Data section below:
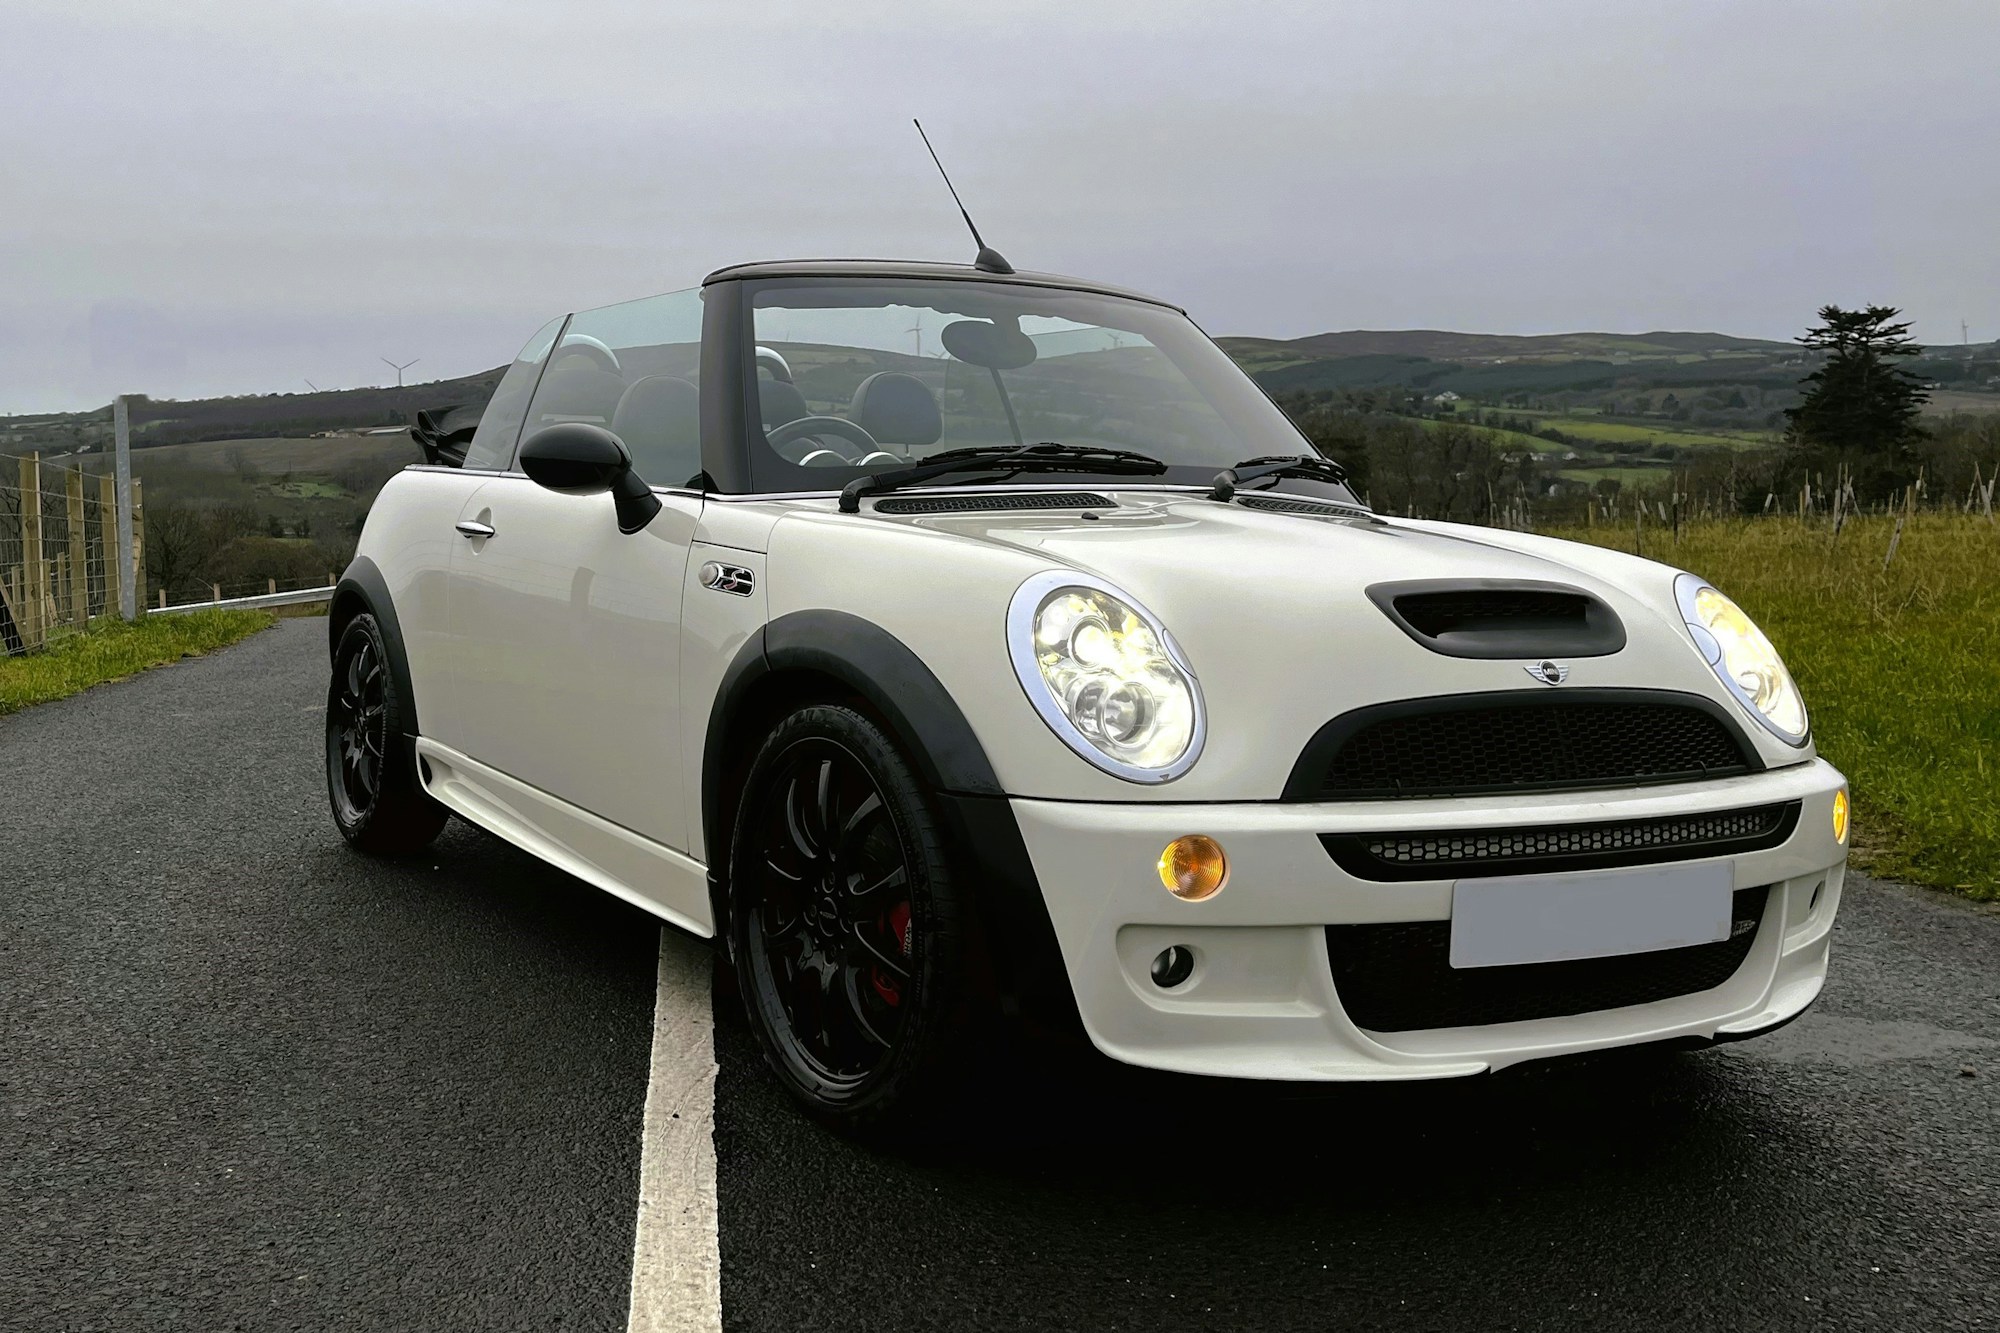 2007 MINI Cooper S: What's It Like to Live With?
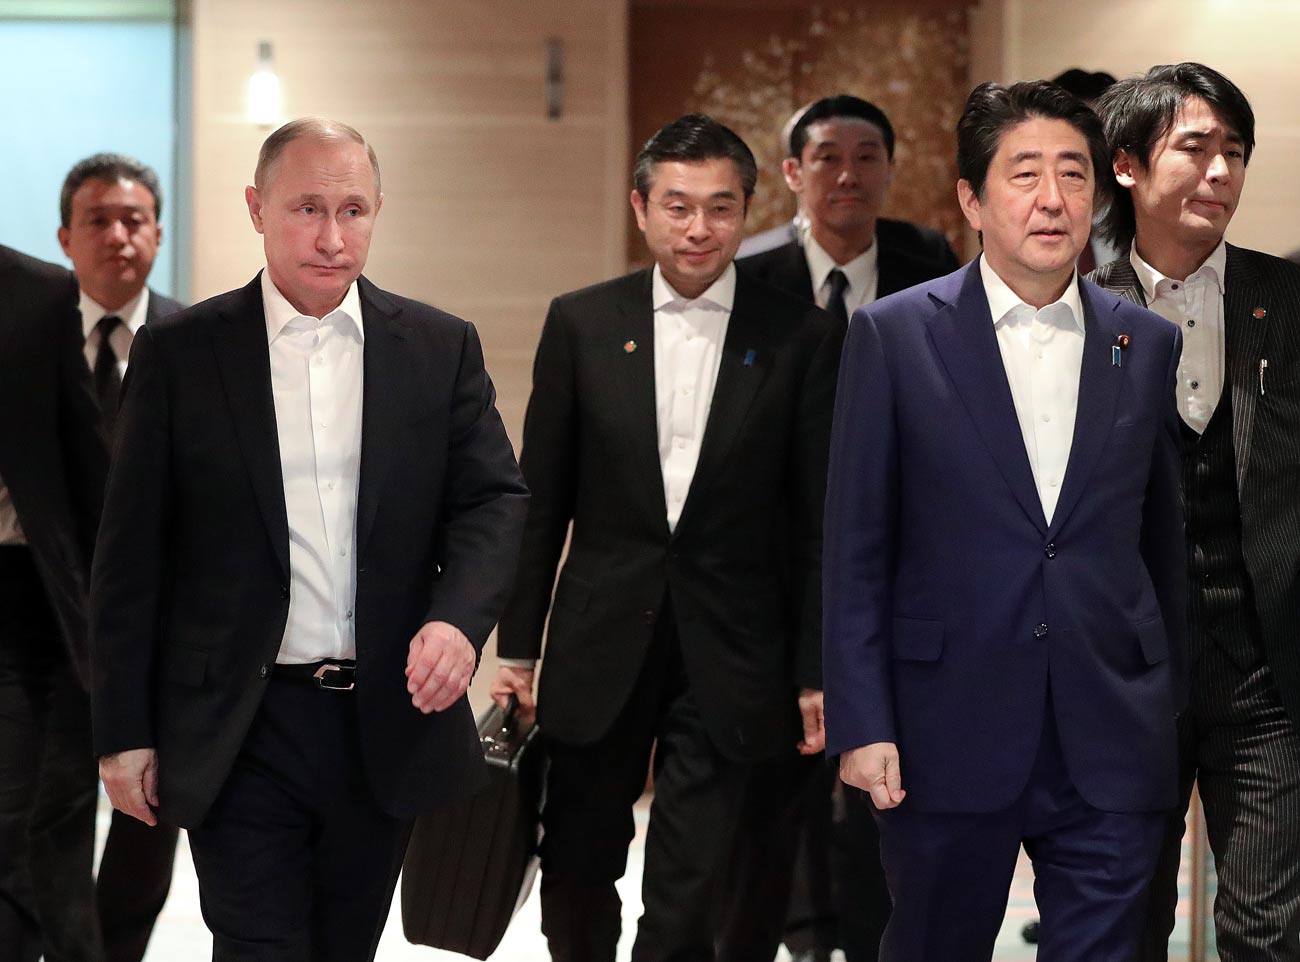 Russian President Vladimir Putin and Japanese Prime Minister Shinzo Abe, front, right, durong a meeting in Nagato, Yamaguchi Prefecture
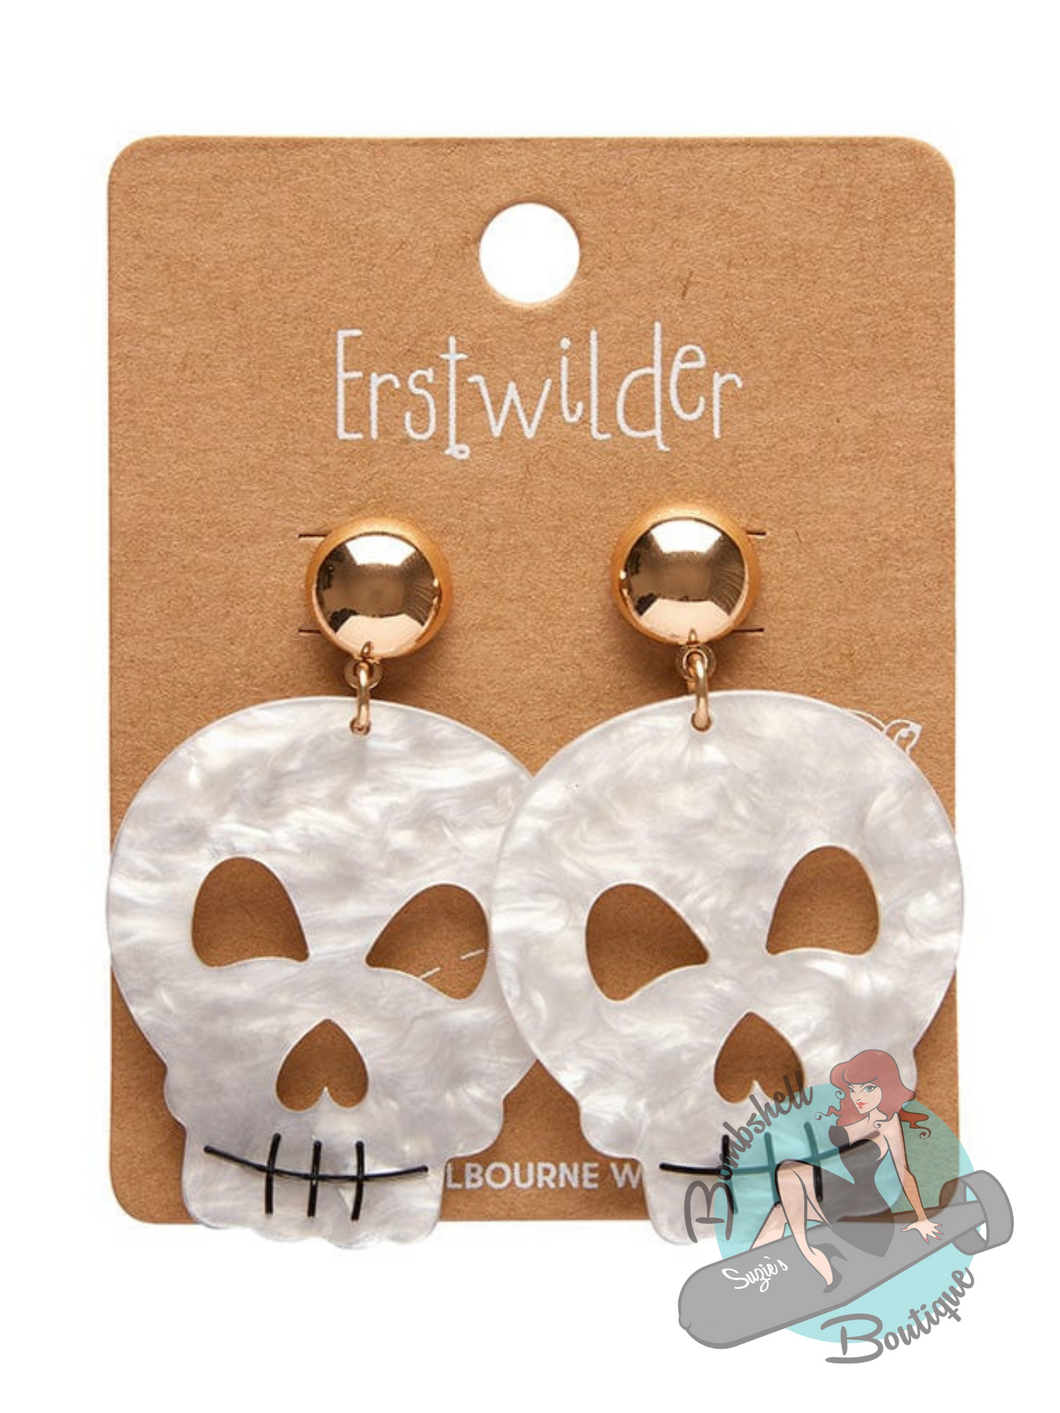 White Skull Earrings for goth clothing pin up styles.
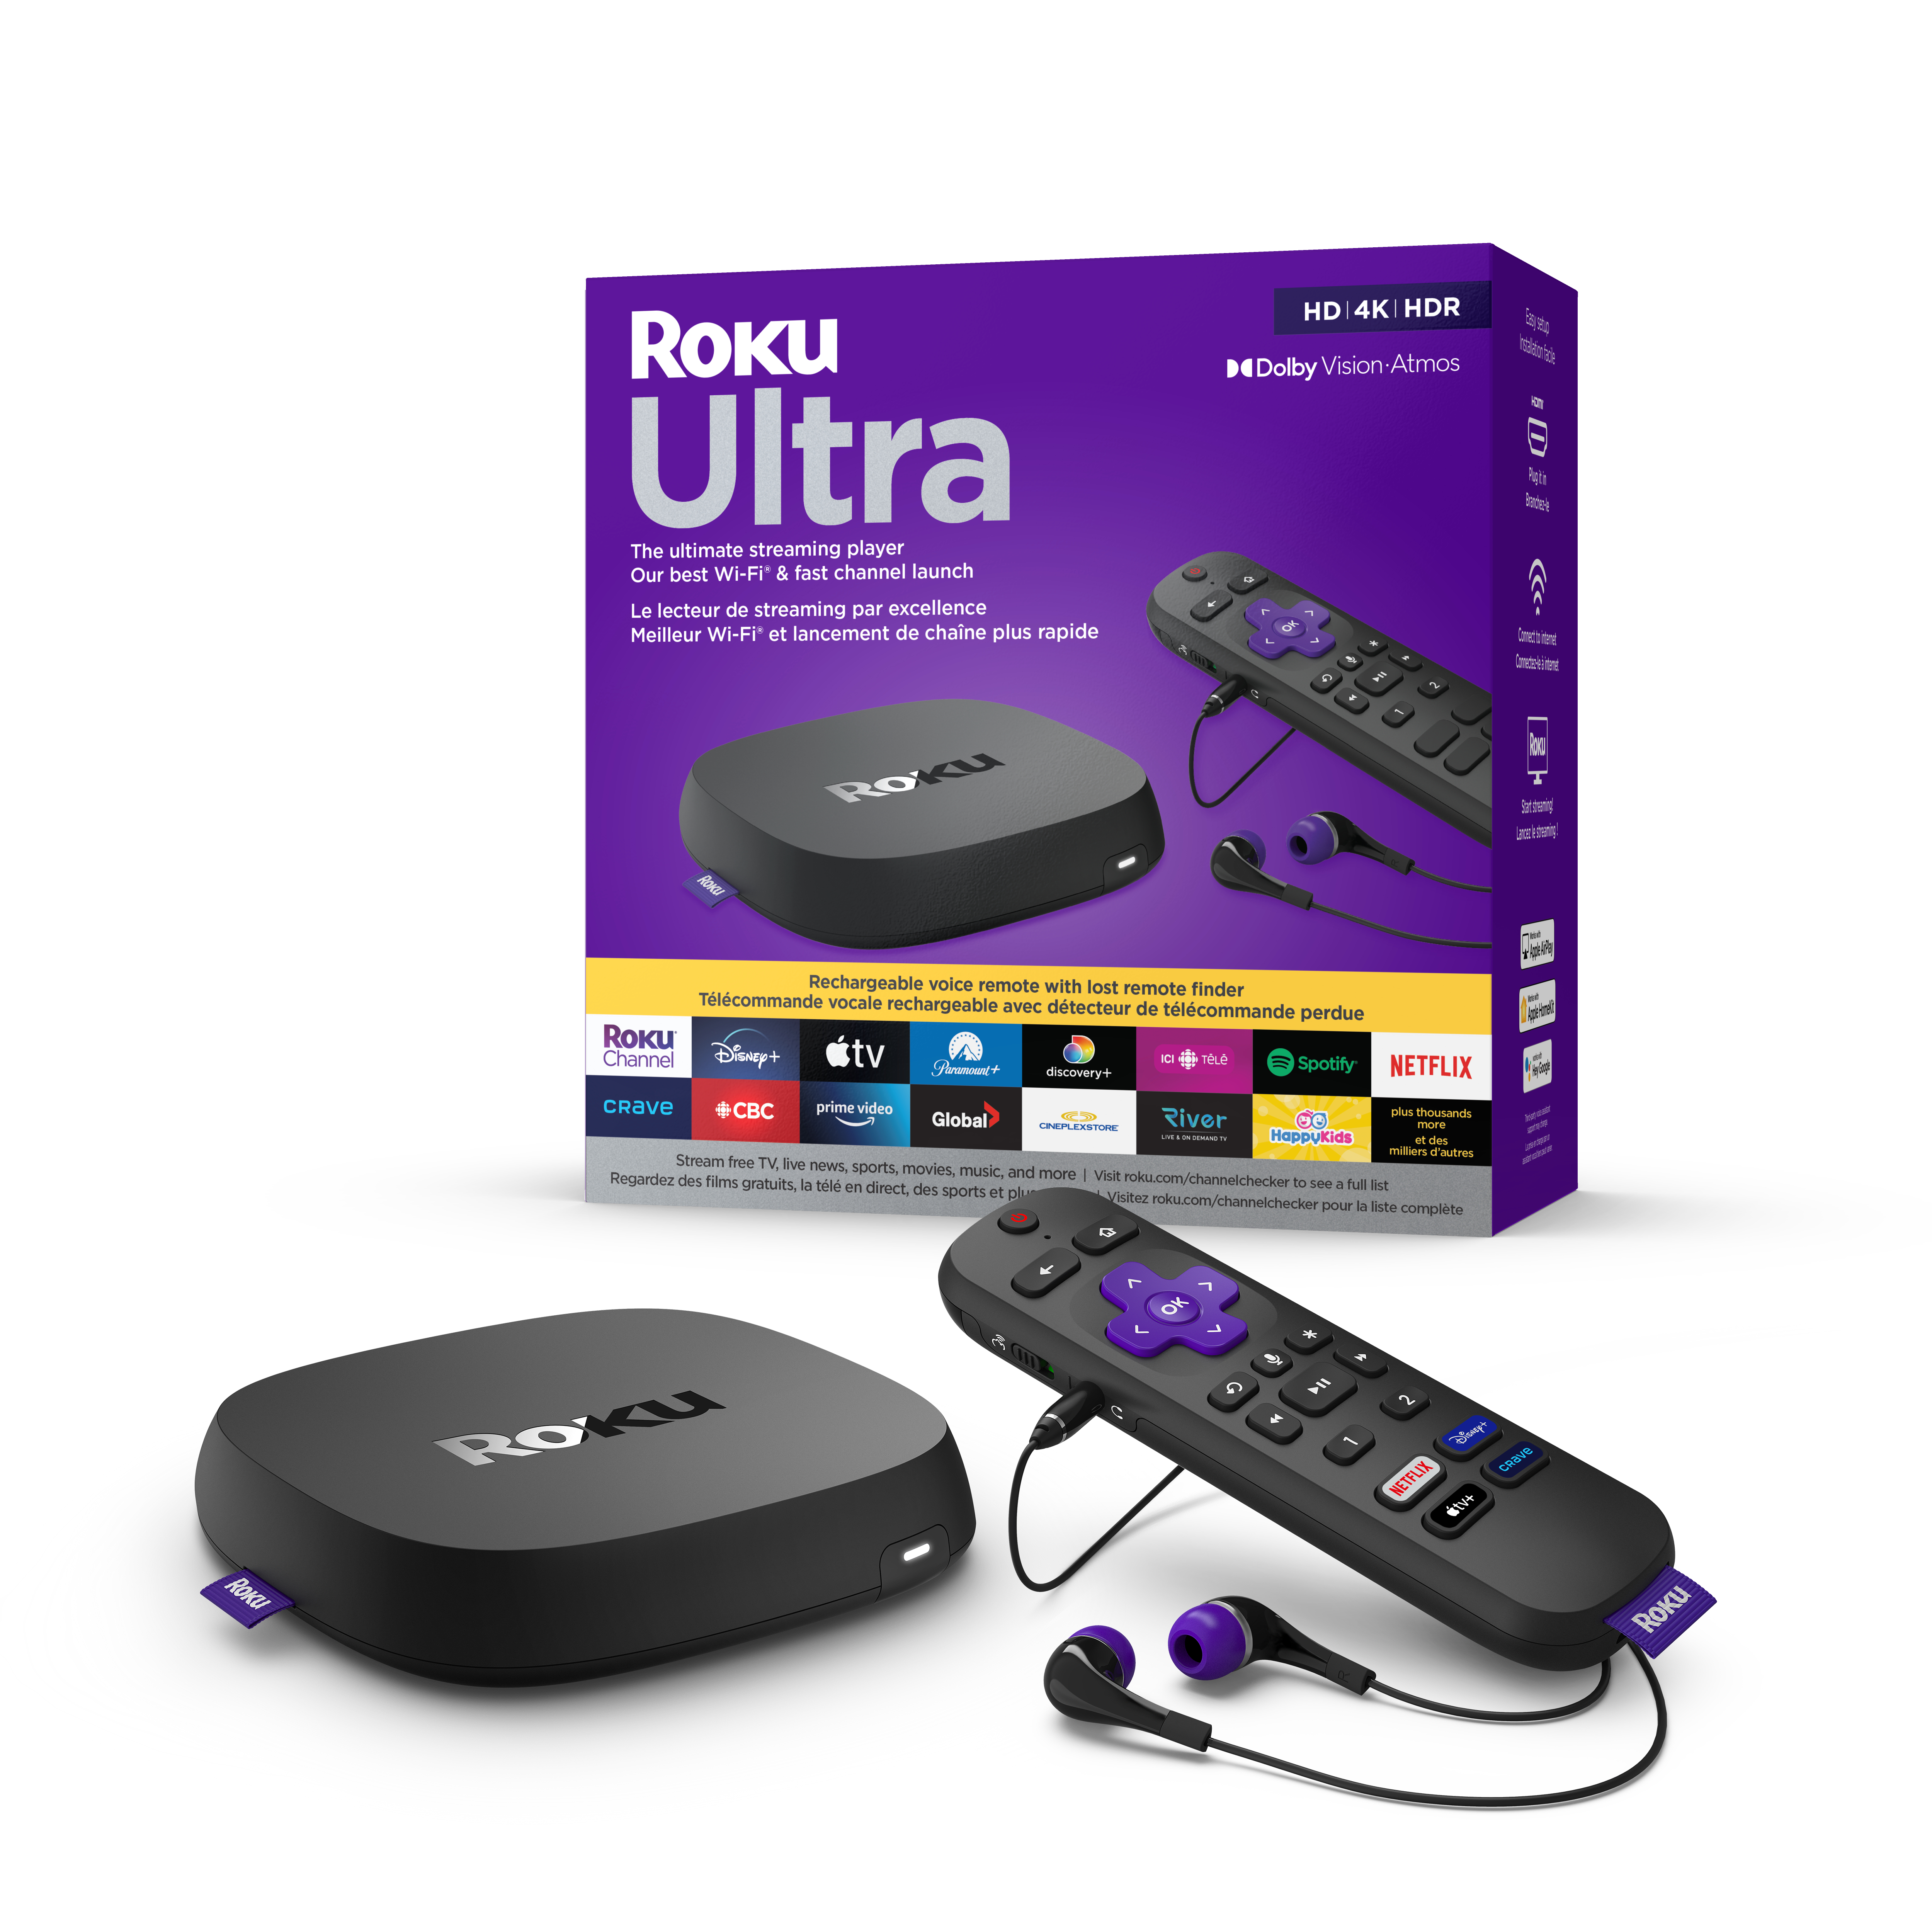 Roku Brings Roku Ultra, Its Most Powerful Streaming Player, to Canada
End of Data section.
(Your assignment) Copy the whole of the material above exactly, but not its images.

(Result for this exercise)
 2007 MINI Cooper S: What's It Like to Live With?
 Russian President Vladimir Putin and Japanese Prime Minister Shinzo Abe, front, right, durong a meeting in Nagato, Yamaguchi Prefecture
 White Skull Earrings for goth clothing pin up styles.
 Roku Brings Roku Ultra, Its Most Powerful Streaming Player, to Canada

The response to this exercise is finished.